With scRNA-seq, researchers can capture cells at every stage of differentiation and computationally order them along a trajectory based on progressive changes in gene expression. Tools like Monocle3, Slingshot, and RNA velocity reconstruct these paths, identifying not just the starting and ending cell types but the transient intermediates and the branch points where lineages split. This works without needing to know in advance what those intermediates look like, since the data itself reveals them.
These trajectory maps have been applied to embryonic development, organ formation, and stem cell biology, providing molecular-level detail about how a single fertilized egg gives rise to hundreds of specialized cell types.
Profiling the Immune System
The immune system presents a unique challenge for genomics: T cells and B cells each carry a receptor that is essentially unique to that cell, generated through random genetic rearrangement. These T cell receptors (TCRs) and B cell receptors (BCRs) determine what each immune cell can recognize and attack. Bulk sequencing can detect which receptor sequences are present in a sample, but it can’t tell you which receptor belongs to which cell or what that cell is doing.
Single cell sequencing solves this by reading the receptor sequence and the full gene expression profile from the same cell. This means researchers can identify the exact pairing of receptor chains (the alpha and beta chains of a TCR, or the heavy and light chains of a BCR), which is critical for understanding what a given immune cell actually recognizes. They can then correlate that receptor identity with the cell’s functional state: Is it activated? Exhausted? Proliferating?
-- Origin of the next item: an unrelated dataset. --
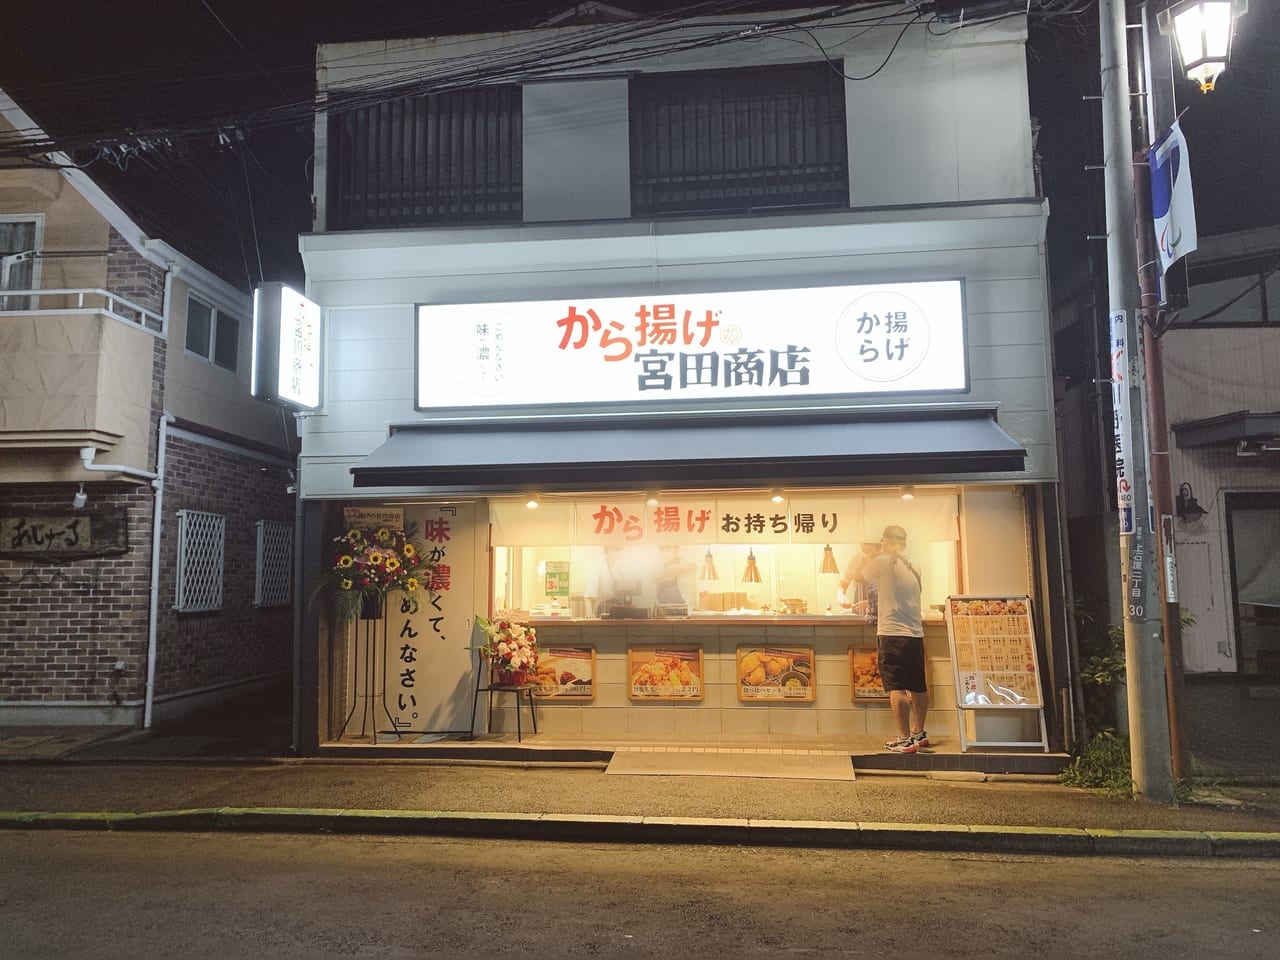 から揚げの宮田商店 西調布店がオープンしました

This capability has become a powerful tool for studying immune responses to infections, vaccines, autoimmune diseases, and cancer. Metrics like clonotype diversity, which measure how many distinct receptor sequences are present and how evenly they’re distributed, help quantify the breadth and intensity of an immune response at a level of detail that was previously inaccessible.
Current Limitations
Single cell genomics is powerful, but it comes with real constraints. The dropout problem remains significant: because each cell provides so little starting material, many genes that are genuinely active go undetected, creating datasets full of zeros that require careful statistical handling. Standard tools designed for bulk data tend to produce false positives when applied naively to this sparse data.
Cost and throughput are improving rapidly but still limit some applications. Processing tens of thousands of cells is routine now, but profiling every cell in a whole organ remains impractical for most labs. The tissue dissociation step can also introduce bias, since some cell types survive the process better than others, meaning the cells you sequence may not perfectly represent the cells that were in the tissue.
Finally, single cell sequencing captures a snapshot in time. It tells you what a cell looks like at the moment it was isolated, not how it got there or where it’s going. Computational trajectory analysis can infer developmental paths, but these are predictions based on patterns across many cells, not direct observations of a single cell changing over time. Newer lineage tracing methods that introduce heritable genetic barcodes into living cells are beginning to address this gap, letting researchers track actual cell histories rather than inferring them.